Response to Arguments
Applicant's arguments filed 04/14/2022 have been fully considered but they are not persuasive. 
	With respect to the rejection under 35 U.S.C. 102
Applicant argues that Wen's primary and secondary loss and softmax loss is not the same as the claimed loss. Applicant arguers "In Wen, the Softmax loss is the primary loss function and the secondary loss function comprises a center loss function. No other loss functions are disclosed. As such, the overall loss function is a combination of the Softmax loss (the primary loss function) and the center loss (the secondary loss function…In Wen, the center loss (only) explicitly minimizes the intra-class variation. As a small by-product, it does tend to increase inter-class discrimination, but that is not by design. Planet loss or Copernican loss, does two things better than center loss; first it minimizes intra-class variation by using the cosine angular space and, second, it maximizes inter-class variation by using the sun loss (the third loss term)”
In response examiner notes that the joint loss function in Wen explicitly minimizes not only intra-class variation but also inter-class discrimination, as demonstrated in the rejection. (Wen pg 3 ¶01)  Whether or not the function is expressly "designed" for a particular purpose does not mean that the feature is not taught by Wen, in fact the feature in dispute is explicitly pointed out by Wen as a benefit.
Further, applicant argues "Claim 1 requires a primary loss function which may be, for example, a Softmax function (see claim 6) and, in addition, a secondary loss function comprising both a planetary loss function and a sun loss function, for a total of three loss functions…”
In response examiner notes, claim 1 does not require three loss functions only a primary loss and secondary loss, claim 1 presently merely states abstractly that the secondary loss is composed of a planetary loss and a sun loss. The center loss function of Wen achieves the functions set forth by both the planetary loss and sun loss, thus is equivalent to the secondary loss claimed. Further 
With respect to the rejection under 35 U.S.C. 103
Applicant argues "Liu, like Wen, teaches only minimizing the intra-class variations…First, with respect to claim 4, the Applicant would like to point out that neither Liu nor Wen teaches providing an explicit function to maximize the inter-class variations…In the present application, a separate loss function is provided for explicitly maximizing the inter-class variations, namely, the sun loss portion of the secondary loss function."
Examiner disagrees, Liu explicitly states that the loss function "enlarge[s] the centroid distance of samples across classes" this is equivalent to maximizing inter class variation.Further, while the application may broadly discuss that the "planetary loss portion" and "sun loss portion" are "separate loss functions" the present claims do not require this. Furthermore, Liu clearly discusses two distinct portions of the loss function which may be considered separate "functions" that achieve the same goals as the "sun" loss and "planetary" loss, In Liu, this is the numerator and denominator of the loss function.

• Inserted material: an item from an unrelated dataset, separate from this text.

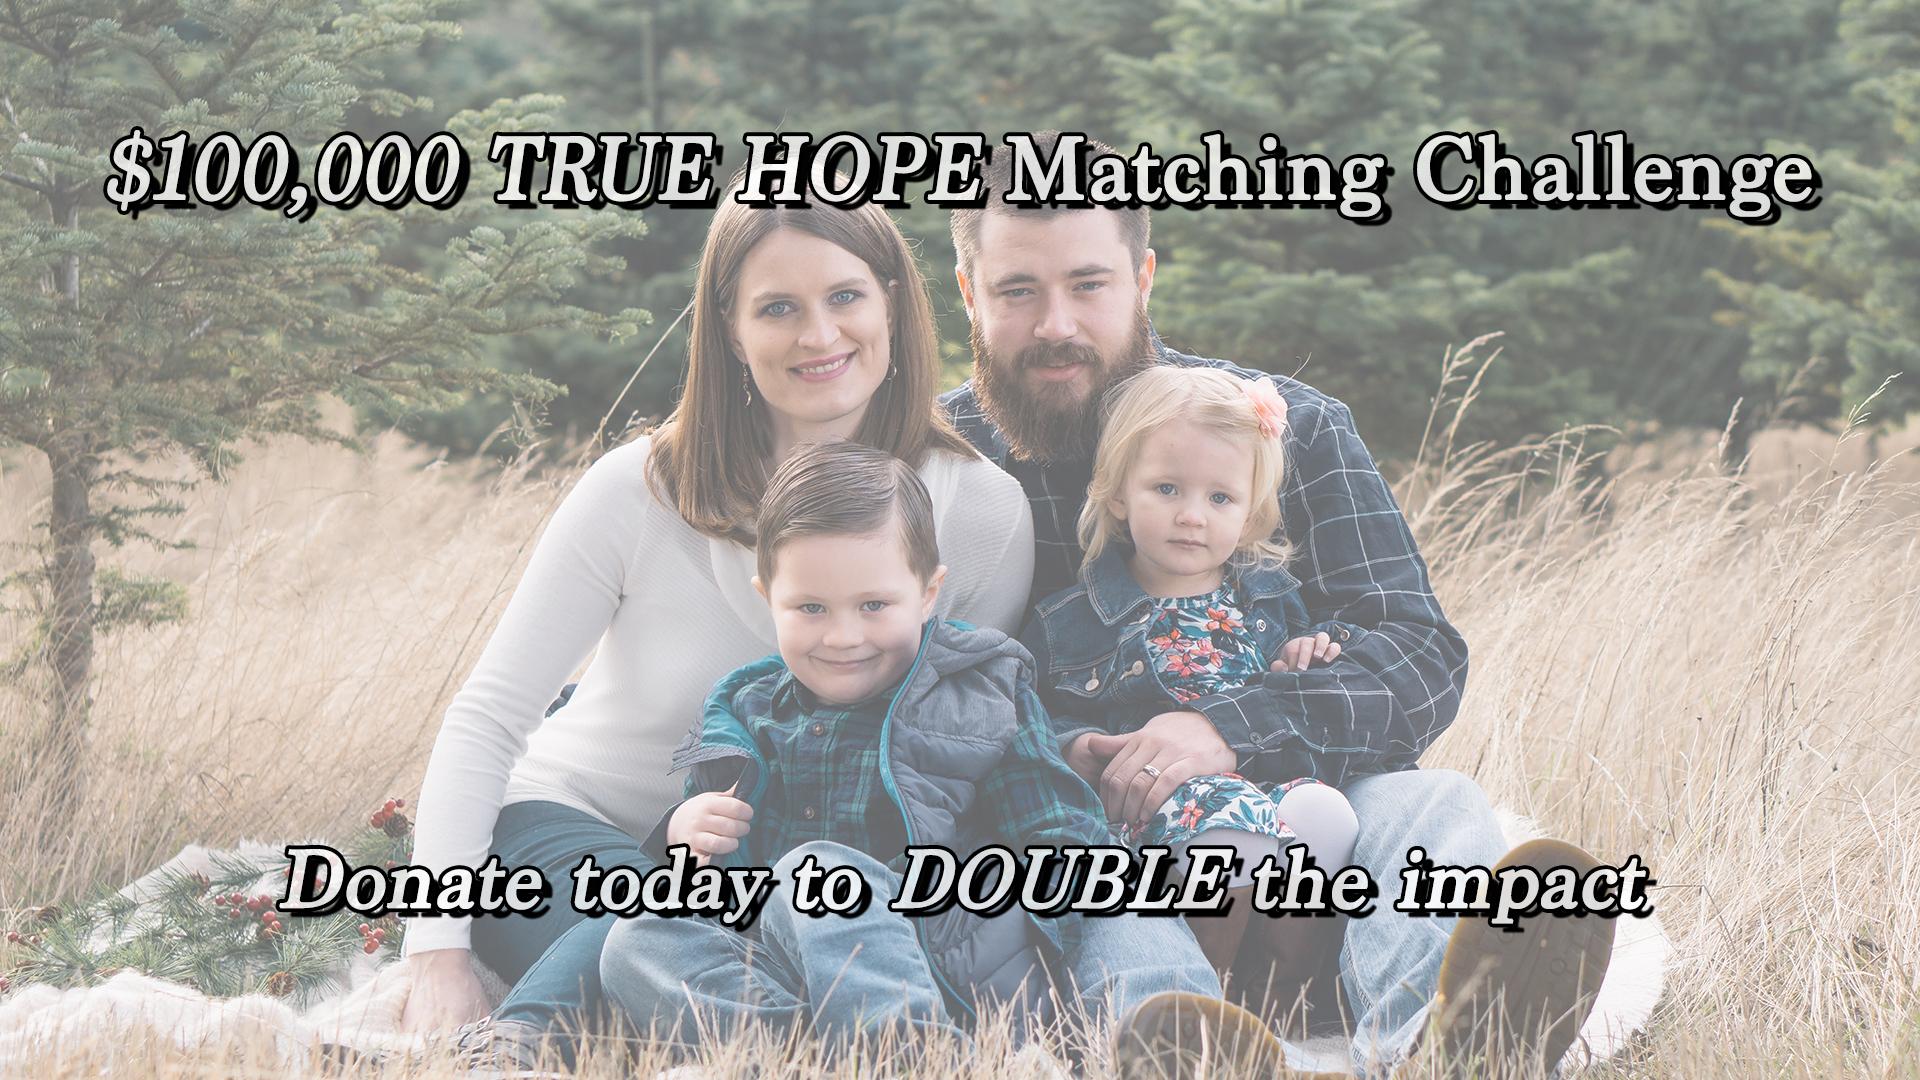 $100,000 TRUE HOPE Matching Challenge!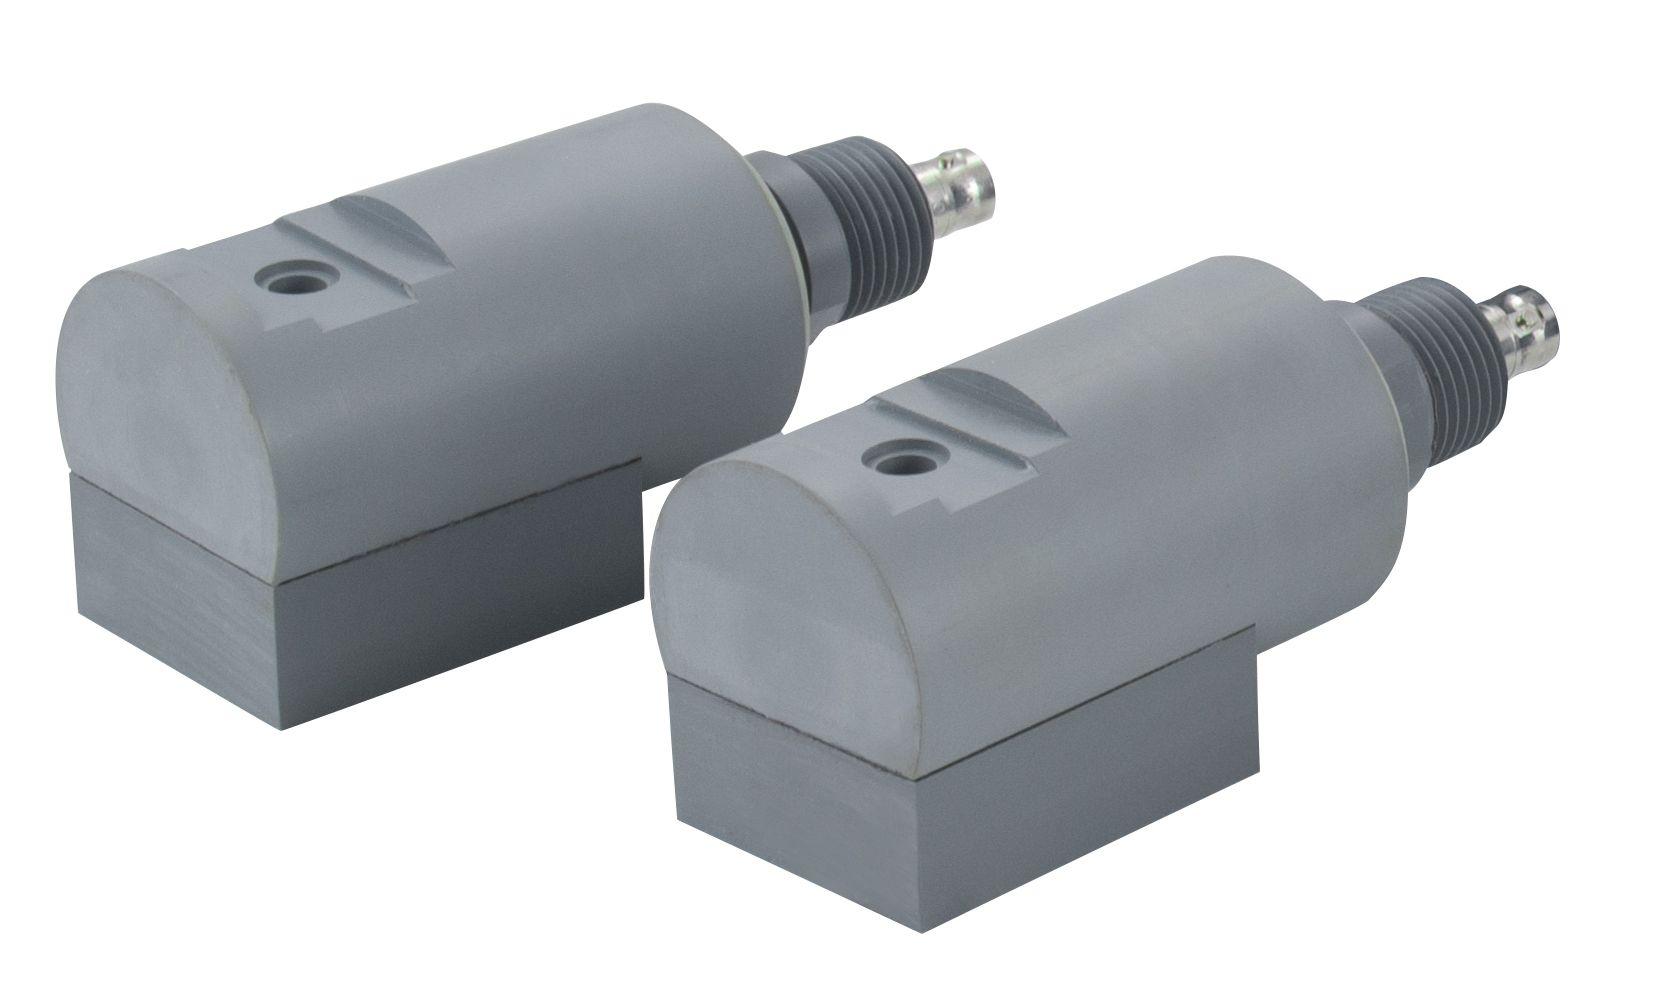 DT9 Transducer

Others of applicant's arguments in light of the amendments filed 02/01/2018 have been fully considered, accordingly, the rejection under 35 USC 101 has been withdrawn. 

Claim Interpretation 
	Examiner notes that the amended limitations of at least claim 1 is directed to a method for training a deep neural network to learn an increased discrimination by refining a deep neural network with backpropogating according to a particular type of loss function. The loss function is only passively “determined” as part of the backpropogating step, there is no active “determination” of a “loss” to be propagated. Therefore, are not given patentable weight. For the purposes of compact prosecution, the 102 and 103 rejections are set forth below.



Claim Rejections - 35 USC § 102
In the event the determination of the status of the application as subject to AIA  35 U.S.C. 102 and 103 (or as subject to pre-AIA  35 U.S.C. 102 and 103) is incorrect, any correction of the statutory basis for the rejection will not be considered a new ground of rejection if the prior art relied upon, and the rationale supporting the rejection, would be the same under either status.  
The following is a quotation of the appropriate paragraphs of 35 U.S.C. 102 that form the basis for the rejections under this section made in this Office action:
A person shall be entitled to a patent unless –

(a)(1) the claimed invention was patented, described in a printed publication, or in public use, on sale, or otherwise available to the public before the effective filing date of the claimed invention.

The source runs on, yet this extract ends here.